The majority agrees that Wausau had coverage for 25.4 percent of the damage period, but limits the judgment to Stonehenge to $120,650 — -a figure calculated upon what the three other insurance companies collectively agreed to pay, in varied amounts depending upon their respective coverage periods. I confess to being unable to understand how the majority reaches this result.
As an initial premise, I am not so willing as the majority to presume that Maryland Casualty, Aetna, and Home Insurance, which collectively had coverage for only a little over half of the total damage period, agreed to pay the total amount of actual damages. Furthermore, if Hitt controls, as the majority believes, and any amount agreed to be paid over and above the amount the other insurance companies agreed to pay is “patently unreasonable” and “invalid,” Hitt, 737 F.2d at 426, then it seems that no additional money should be paid to Stonehenge, leaving Wausau with no obligation at all. Further, if Wausau’s responsibility is to be a percentage of the $475,000 already paid in full by the other insurance companies, requiring Wausau to pay $120,650 will actually result in Stonehenge recovering an amount over and above the $475,000.
These anomalies, in my judgment, show that the resolution the trial judge reached was fair and eminently reasonable. The chart below reflects his decision. A comparison of the amounts actually paid by the other insurance companies to the allocations the district judge used in his independent determination reflects the fairness of his decision.
*313EQUITABLE ALLOCATION OF DAMAGES OCCURRING FROM 11/1/85 TO 3/17/97
Carrier Percentage of Time Proportion Number of There Was of Damages Dates of Years of Coverage Due Per Coverage Coverage Court District Actually Paid
Initial Carrier 4/1/85 to 1.25 or Stonehenge1 7/1/86 .106 79,500
Maryland Casualty 7/1/86 to 1.3 11/1/87 .113 84.750 100,000
Aetna 11/1/87 to 4 11/1/91 .339 254,250 300,000
Home Insurance 11/1/91 to 1 11/1/92 .085 63.750 75,000
Wausau 11/1/92 to 3 11/1/95 .254 190,500 [120,650]2
Final Carrier 11/1/95 to 1.21 or Stonehenge 3/17/97 .103 90.750
Although the other insurance companies paid more in settlement than would have been called for under the district judge’s calculations, the differences are, in my opinion, minimal. If anything, Wausau would obviously benefit financially from the fact that the assessment of its responsibility was made with the cool reflection of a district judge rather than in the heat of a state court battle with the prospect of a large actual and punitive damage verdict staring it in the face.
V.
In conclusion, I would accept the sum of $750,000 as a proper basis for the allocation of Wausau’s share of the damages, and I would affirm the district court’s method of computing the specific sum due from Wausau. Therefore, I respectfully dissent from Part IV of the majority’s opinion.

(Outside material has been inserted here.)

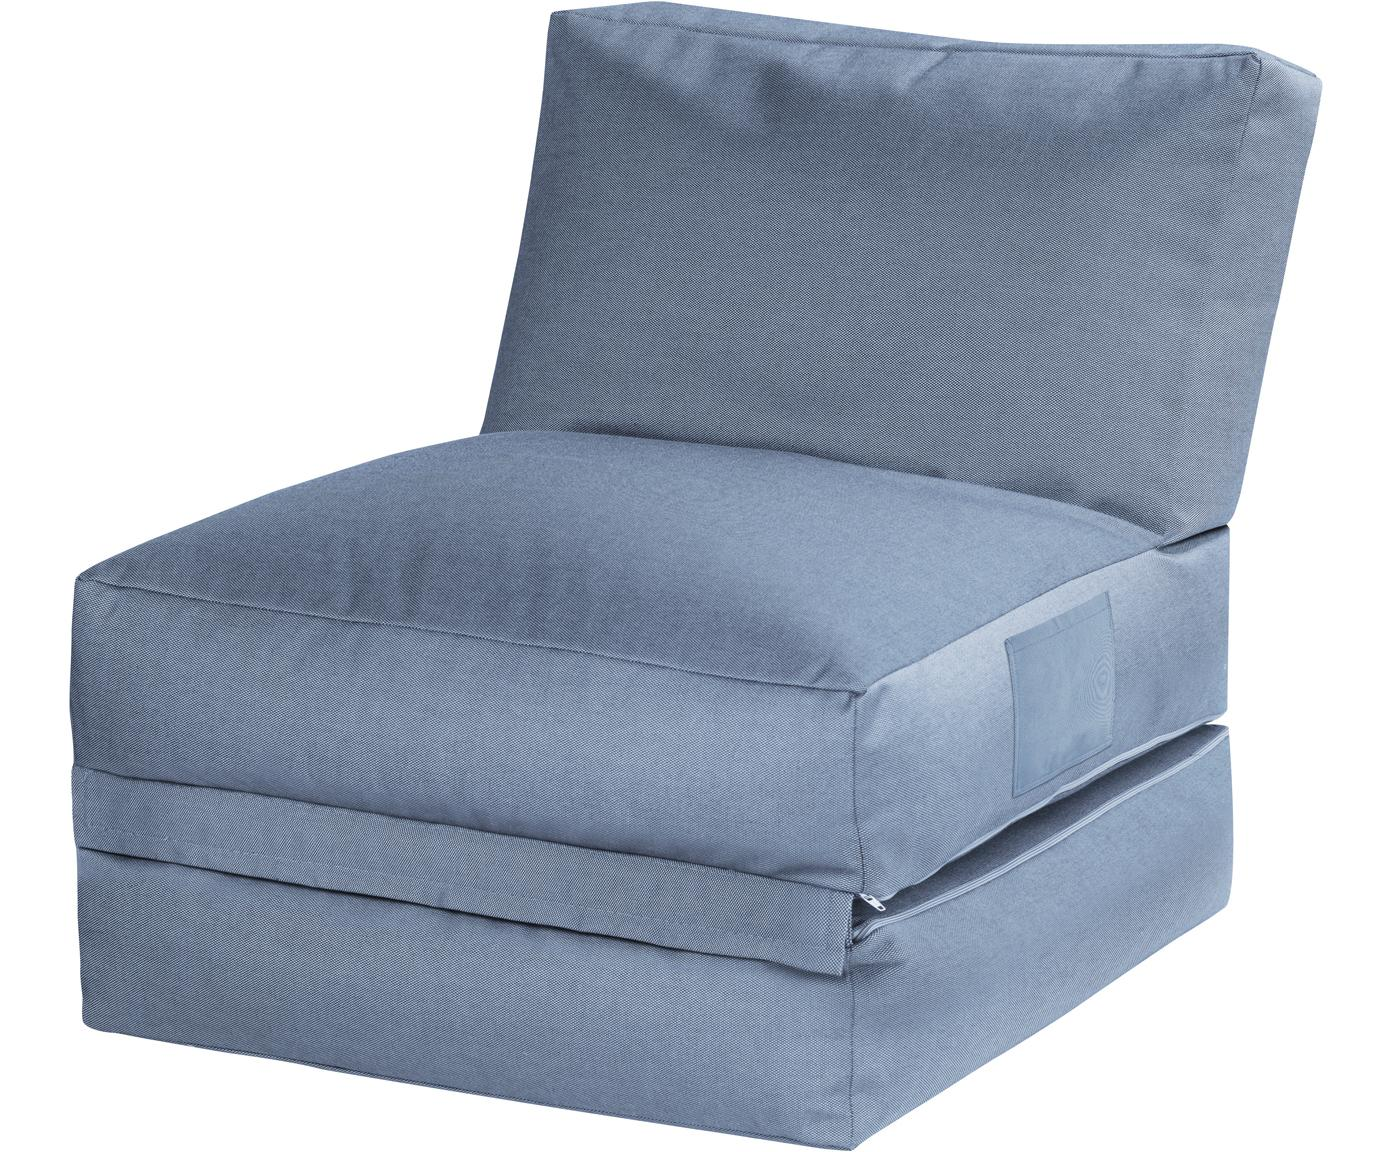 Outdoor loungefauteuil Twist met ligfunctie, Bekleding: polyacryl dralon (garen g, Blauw, B 70  x D 80 cm
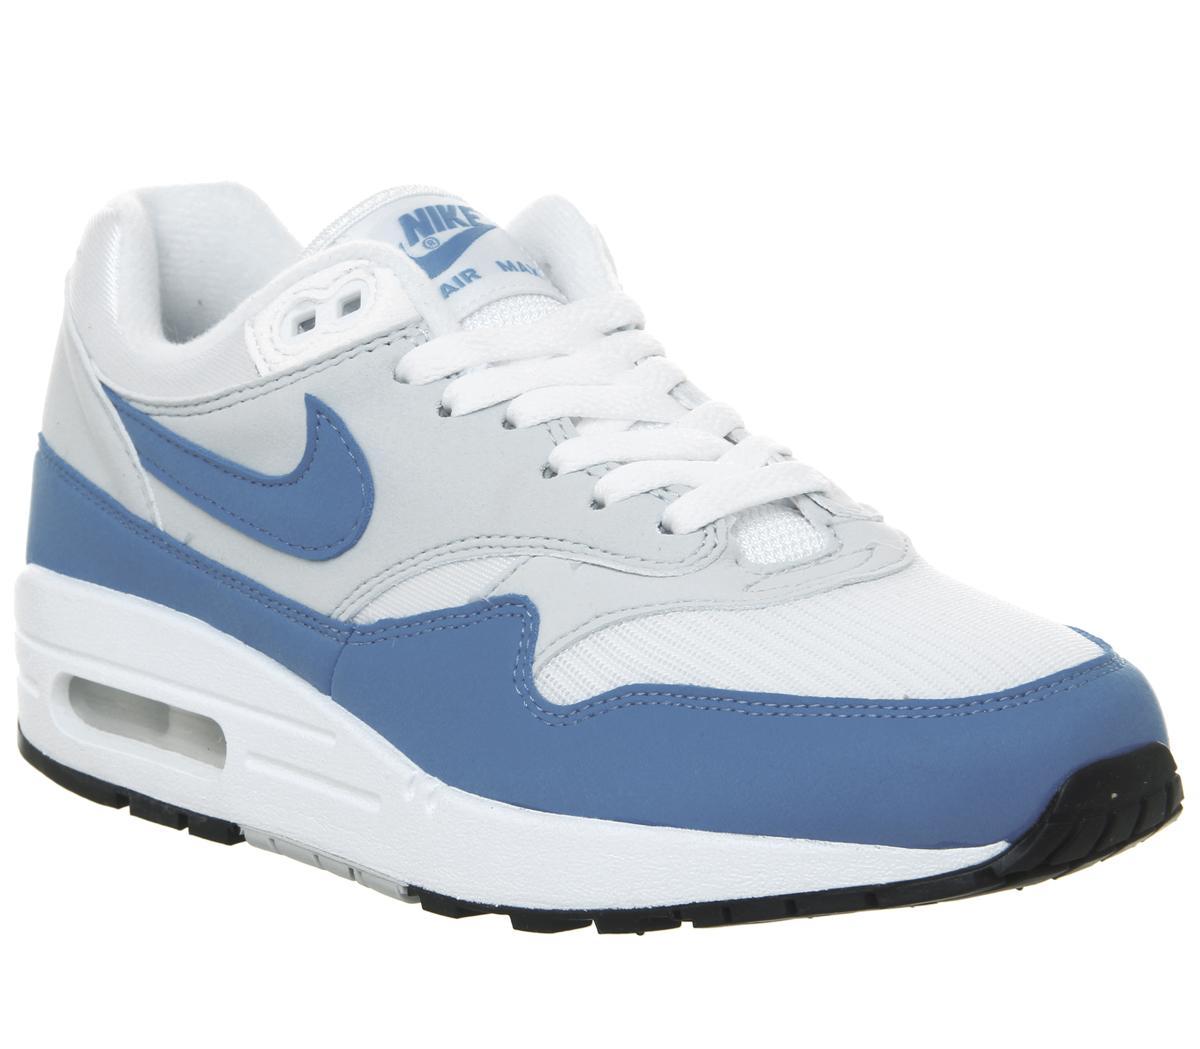 Nike Air Max 1 Trainers White

. According to the district court:
The record does not identify the initial and final insurance carriers during the trigger period. The identity of these carriers, or whether any coverage even existed during those periods, is immaterial for the purpose of establishing Wausau’s equitable share. The Court’s calculation is based on proportioning damages throughout the duration of the entire trigger period. If the plaintiffs did not have coverage in the first and last periods, then they would be responsible for the damages that are apportioned to those periods. J.A. 192.

. This amount reflects Wausau’s share per the majority opinion.